Permanent Under-Secretary of State for the Home Department
- In office 1938–1948
- Preceded by: Sir Russell Scott
- Succeeded by: Sir Frank Newsam

Personal details
- Born: 9 March 1880 Sharston Mount, Northen Etchells, Cheshire, England
- Died: 1 July 1963 (aged 83) Coldharbour, Surrey, England
- Alma mater: Plymouth College; Christ Church, Oxford;
- Occupation: Civil servant

= Alexander Maxwell (civil servant) =

British civil servant (1880 – 1963)

Sir Alexander Maxwell (9 March 1880 – 1 July 1963) was a British civil servant notable for his service as Permanent Under-Secretary of State at the Home Office from 1938 to 1948.

==Early life and education==

Alexander Maxwell was born at Sharston Mount, Northen Etchells, Cheshire, on 9 March 1880, the eldest son of the Revd Joseph Matthew Townsend Maxwell, a Congregational minister, and his wife, Louisa Maria Brely Snell, a Quaker GP. He was educated at Plymouth College before going up to Christ Church, Oxford. He obtained first classes in honour moderations in 1901 and literae humaniores in 1903. He won the Matthew Arnold Memorial Prize in 1904 and the chancellor's English essay prize in 1905.

==Early career==
Maxwell joined the Home Office in 1904, where he was private secretary to successive secretaries of state. In 1917 Maxwell was acting chief inspector of reformatory and industrial schools and it was probably at this time that he became interested in delinquency. In 1924 he was made an assistant secretary and in 1928 when he became chairman of the Prison Commission. He worked closely with Alexander Paterson on the concept of the open borstal; the idea was Paterson's but the administration was done by Maxwell. The first open borstal was started in 1930 at Lowdham Grange in Nottinghamshire. In 1932 Maxwell became deputy under-secretary of state at the Home Office.

==Permanent Secretary==
In 1938, when Sir Samuel Hoare was home secretary, Maxwell was promoted to permanent under-secretary. He held the post for the next ten years, during which he became the most prominent and respected member of the department. Jenifer Margaret Hart, Maxwell's private secretary from 1939, stated that he had a fervent belief that the Home Office had important duty to safeguard liberty. Years later, Sir Samuel, then Viscount Templewood, would write:

Alexander Maxwell in particular helped me with wise and stimulating advice. How lucky I was to have him!… Unruffled amidst all the alarms and excursions that periodically shake a Ministry of public order, he possessed the imperturbable assurance essential to a department of historic traditions.
— Viscount Templewood (1954). Nine Troubled Years. p. 229.

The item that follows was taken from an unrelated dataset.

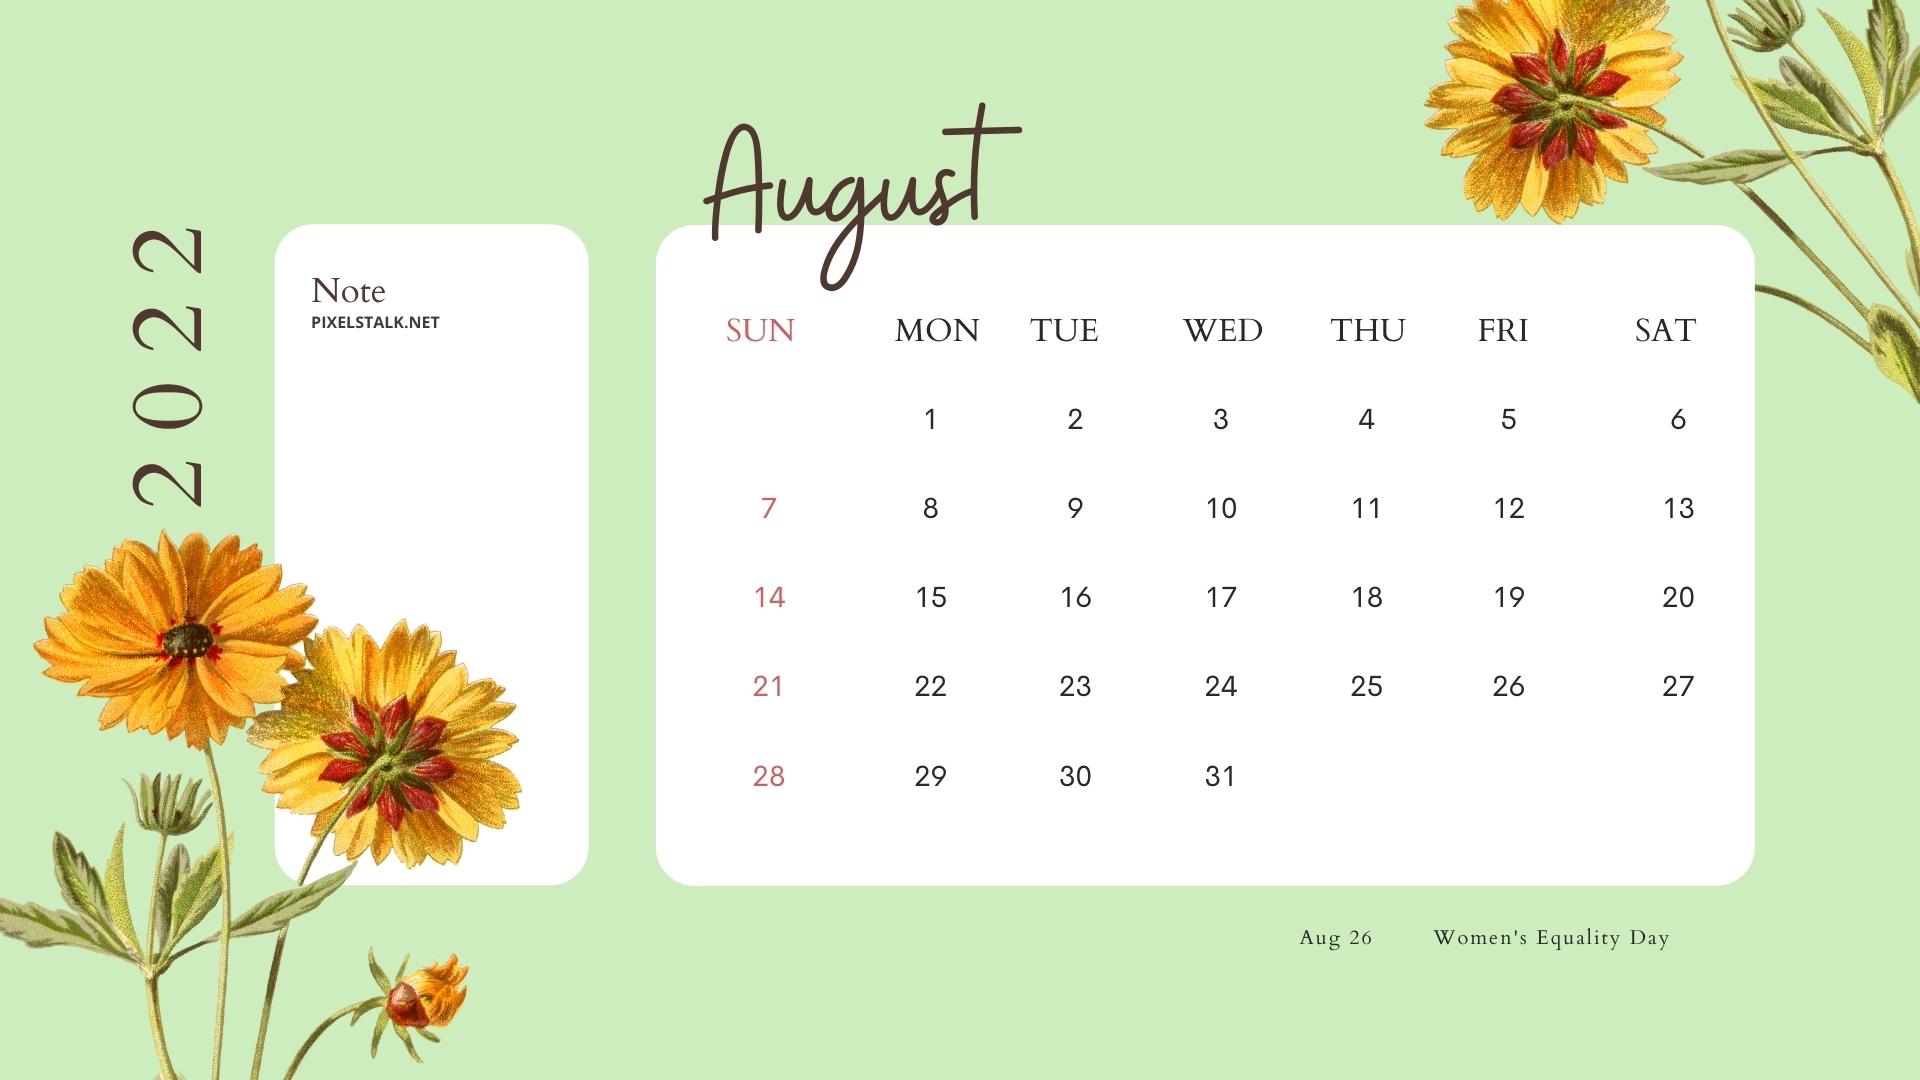 August 2022 Calendar Wallpapers HD For Desktop

During the Second World War he worked to try and trammel, as much as possible, the state's restrictions on civil liberties. He dealt with the imprisonment of enemy aliens and the treatment of those detained under the Defence Regulation 18B in addition to having to deal with the Mosleys. It was on his advice that the government in 1940 sent out Paterson to sift those detainees whose sympathies were genuinely with the Allied cause. Jenifer Margaret Hart, Maxwell's private secretary from 1939, stated that he had a fervent belief that the Home Office had important duty to safeguard liberty.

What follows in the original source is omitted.